[[ Supplied entries, beginning ]]
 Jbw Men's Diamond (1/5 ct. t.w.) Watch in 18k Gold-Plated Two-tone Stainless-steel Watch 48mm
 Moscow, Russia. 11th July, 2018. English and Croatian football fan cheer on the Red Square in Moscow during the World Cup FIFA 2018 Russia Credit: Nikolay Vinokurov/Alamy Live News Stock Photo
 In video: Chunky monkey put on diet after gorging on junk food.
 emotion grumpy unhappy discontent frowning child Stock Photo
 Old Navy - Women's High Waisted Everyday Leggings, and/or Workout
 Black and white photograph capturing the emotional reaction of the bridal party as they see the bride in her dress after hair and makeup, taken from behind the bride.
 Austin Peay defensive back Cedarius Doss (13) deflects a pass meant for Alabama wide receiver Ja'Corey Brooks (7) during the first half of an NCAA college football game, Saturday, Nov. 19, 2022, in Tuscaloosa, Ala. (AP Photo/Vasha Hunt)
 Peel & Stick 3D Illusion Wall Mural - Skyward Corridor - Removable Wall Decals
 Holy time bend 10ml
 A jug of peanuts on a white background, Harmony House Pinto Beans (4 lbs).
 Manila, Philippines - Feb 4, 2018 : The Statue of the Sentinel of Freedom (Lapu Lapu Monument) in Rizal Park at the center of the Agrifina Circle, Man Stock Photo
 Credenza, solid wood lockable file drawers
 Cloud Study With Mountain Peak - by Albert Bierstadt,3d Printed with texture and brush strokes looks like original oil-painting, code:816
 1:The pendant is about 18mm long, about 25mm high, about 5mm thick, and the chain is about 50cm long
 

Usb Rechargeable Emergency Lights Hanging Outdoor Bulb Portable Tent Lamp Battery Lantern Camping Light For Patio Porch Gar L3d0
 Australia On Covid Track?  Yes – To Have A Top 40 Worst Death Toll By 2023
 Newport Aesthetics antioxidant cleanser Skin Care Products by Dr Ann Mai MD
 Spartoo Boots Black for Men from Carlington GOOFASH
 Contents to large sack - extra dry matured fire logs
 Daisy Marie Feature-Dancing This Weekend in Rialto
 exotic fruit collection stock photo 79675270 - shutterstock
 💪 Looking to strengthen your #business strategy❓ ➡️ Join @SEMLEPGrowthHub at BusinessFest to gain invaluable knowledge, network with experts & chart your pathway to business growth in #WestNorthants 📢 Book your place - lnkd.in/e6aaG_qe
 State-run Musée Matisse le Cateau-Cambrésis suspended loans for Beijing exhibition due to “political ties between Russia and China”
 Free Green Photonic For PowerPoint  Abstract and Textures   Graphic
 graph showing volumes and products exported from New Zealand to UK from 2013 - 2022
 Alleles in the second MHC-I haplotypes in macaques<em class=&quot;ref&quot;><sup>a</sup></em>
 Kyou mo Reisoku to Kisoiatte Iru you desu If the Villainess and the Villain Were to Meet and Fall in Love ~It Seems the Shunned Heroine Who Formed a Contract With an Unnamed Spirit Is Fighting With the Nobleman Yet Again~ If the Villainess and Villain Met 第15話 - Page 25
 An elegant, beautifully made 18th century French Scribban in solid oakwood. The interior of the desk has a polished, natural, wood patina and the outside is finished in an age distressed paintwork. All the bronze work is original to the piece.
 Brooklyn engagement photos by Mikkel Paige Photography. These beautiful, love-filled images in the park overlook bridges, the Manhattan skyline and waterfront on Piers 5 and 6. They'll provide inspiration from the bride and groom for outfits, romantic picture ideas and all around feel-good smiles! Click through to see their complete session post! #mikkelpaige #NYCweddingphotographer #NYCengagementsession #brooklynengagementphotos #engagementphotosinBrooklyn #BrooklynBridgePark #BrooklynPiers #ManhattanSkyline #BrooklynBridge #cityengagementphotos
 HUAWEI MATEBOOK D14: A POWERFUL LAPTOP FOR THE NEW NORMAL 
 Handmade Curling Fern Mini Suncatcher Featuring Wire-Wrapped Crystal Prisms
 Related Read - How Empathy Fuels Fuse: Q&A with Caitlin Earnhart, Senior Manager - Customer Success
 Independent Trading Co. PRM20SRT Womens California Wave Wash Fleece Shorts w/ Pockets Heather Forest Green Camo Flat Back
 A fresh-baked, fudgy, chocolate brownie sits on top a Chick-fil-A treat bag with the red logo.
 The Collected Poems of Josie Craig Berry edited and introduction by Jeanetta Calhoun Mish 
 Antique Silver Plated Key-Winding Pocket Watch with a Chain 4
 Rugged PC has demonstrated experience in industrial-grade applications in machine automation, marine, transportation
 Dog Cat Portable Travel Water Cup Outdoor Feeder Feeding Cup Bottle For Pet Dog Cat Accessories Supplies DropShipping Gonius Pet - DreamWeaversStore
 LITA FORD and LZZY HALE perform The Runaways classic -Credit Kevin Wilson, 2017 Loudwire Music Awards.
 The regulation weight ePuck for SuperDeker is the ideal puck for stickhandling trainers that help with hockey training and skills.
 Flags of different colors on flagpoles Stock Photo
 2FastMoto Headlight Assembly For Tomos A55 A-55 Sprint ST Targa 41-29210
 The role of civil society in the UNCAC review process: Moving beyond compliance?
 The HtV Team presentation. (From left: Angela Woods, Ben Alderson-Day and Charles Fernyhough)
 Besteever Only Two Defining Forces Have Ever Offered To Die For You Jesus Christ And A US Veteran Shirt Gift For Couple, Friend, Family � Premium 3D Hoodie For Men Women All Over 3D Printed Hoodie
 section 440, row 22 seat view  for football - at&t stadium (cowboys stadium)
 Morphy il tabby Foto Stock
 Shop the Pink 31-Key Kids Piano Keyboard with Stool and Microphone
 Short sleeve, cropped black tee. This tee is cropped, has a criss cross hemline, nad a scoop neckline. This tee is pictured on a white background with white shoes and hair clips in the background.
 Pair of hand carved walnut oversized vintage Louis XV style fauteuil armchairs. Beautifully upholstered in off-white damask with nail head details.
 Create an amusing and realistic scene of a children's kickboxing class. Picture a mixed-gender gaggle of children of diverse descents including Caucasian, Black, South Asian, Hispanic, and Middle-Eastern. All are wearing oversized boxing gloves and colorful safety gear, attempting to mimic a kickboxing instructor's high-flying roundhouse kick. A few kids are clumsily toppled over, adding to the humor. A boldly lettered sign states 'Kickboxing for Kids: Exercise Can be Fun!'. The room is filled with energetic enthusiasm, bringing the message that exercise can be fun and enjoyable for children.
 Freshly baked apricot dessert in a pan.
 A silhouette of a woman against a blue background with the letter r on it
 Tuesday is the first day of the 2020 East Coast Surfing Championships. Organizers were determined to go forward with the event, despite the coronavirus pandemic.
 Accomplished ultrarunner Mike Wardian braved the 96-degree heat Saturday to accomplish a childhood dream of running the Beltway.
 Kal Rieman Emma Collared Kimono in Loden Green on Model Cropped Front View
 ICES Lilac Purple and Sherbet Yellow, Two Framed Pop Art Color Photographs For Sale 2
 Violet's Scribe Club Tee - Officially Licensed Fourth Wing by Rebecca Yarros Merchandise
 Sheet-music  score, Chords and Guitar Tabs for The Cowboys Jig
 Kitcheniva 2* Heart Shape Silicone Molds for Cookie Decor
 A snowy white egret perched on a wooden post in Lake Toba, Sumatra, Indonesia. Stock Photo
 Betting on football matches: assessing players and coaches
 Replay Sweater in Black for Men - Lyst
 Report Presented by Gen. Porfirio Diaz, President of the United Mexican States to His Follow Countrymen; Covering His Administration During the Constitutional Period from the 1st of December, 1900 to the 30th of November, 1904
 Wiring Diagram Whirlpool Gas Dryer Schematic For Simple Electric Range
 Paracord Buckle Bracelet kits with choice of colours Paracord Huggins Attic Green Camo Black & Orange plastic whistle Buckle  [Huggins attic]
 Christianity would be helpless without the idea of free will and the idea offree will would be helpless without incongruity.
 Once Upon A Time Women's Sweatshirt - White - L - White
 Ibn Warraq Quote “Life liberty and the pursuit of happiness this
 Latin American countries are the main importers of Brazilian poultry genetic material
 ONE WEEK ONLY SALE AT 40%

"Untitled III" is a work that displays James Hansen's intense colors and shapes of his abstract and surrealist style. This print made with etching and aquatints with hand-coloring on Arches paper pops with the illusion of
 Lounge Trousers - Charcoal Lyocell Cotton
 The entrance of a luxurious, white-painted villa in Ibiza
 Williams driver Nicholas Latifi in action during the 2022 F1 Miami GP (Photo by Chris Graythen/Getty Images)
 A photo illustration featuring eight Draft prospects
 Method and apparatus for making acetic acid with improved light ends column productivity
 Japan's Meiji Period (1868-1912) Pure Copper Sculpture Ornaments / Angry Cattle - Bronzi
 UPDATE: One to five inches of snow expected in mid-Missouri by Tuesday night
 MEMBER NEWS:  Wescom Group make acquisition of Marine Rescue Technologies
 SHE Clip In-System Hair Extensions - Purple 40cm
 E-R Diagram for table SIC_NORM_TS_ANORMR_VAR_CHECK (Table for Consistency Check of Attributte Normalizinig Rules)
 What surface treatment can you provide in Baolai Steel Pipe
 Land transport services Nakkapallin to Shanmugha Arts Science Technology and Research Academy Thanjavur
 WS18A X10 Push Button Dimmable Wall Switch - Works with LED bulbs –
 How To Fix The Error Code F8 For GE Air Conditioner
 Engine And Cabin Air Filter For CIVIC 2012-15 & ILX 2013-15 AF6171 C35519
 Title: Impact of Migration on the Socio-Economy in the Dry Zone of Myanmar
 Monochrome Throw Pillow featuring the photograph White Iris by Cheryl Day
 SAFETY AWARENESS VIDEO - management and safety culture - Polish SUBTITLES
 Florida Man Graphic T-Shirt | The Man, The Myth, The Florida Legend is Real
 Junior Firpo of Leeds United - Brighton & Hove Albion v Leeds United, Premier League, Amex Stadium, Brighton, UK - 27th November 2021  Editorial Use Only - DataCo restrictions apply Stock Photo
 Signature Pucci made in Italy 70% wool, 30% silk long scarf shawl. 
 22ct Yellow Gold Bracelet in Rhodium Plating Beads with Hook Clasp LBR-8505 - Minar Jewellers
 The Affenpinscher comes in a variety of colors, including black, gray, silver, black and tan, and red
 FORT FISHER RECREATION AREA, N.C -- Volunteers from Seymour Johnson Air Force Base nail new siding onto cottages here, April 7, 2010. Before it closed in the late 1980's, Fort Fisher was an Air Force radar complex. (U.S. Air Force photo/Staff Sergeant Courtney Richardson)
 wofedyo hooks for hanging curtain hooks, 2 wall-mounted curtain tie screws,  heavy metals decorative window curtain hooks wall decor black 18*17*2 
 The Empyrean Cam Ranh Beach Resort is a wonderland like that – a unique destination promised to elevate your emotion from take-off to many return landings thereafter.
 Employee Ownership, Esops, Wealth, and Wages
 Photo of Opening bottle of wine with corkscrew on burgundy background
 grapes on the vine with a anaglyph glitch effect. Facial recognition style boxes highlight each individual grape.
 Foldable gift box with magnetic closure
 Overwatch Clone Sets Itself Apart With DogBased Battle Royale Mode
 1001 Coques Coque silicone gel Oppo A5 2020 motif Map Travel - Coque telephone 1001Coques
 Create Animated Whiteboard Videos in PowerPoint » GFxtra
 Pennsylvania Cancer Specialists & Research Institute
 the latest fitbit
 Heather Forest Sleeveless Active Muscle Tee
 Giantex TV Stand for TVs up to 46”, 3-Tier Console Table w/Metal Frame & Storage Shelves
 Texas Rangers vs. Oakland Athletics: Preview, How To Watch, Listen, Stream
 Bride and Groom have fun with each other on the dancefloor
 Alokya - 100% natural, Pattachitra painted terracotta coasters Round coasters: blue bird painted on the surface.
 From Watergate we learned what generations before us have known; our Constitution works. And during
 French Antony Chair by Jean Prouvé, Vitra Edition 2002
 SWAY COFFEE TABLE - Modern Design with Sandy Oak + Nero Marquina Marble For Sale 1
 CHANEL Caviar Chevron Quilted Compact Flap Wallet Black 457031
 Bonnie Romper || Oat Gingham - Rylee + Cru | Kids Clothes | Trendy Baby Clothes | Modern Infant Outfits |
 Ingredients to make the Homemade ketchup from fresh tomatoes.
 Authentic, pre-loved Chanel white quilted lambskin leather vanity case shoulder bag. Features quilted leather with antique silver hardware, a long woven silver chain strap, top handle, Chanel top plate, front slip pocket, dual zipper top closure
[[ Supplied entries, end ]]
== Problem ==
From the records above, quote only the lines running from the line with "Moscow, Russia. 11th" to the line with "Old Navy - Women's", both lines included.

== Result ==
 Moscow, Russia. 11th July, 2018. English and Croatian football fan cheer on the Red Square in Moscow during the World Cup FIFA 2018 Russia Credit: Nikolay Vinokurov/Alamy Live News Stock Photo
 In video: Chunky monkey put on diet after gorging on junk food.
 emotion grumpy unhappy discontent frowning child Stock Photo
 Old Navy - Women's High Waisted Everyday Leggings, and/or Workout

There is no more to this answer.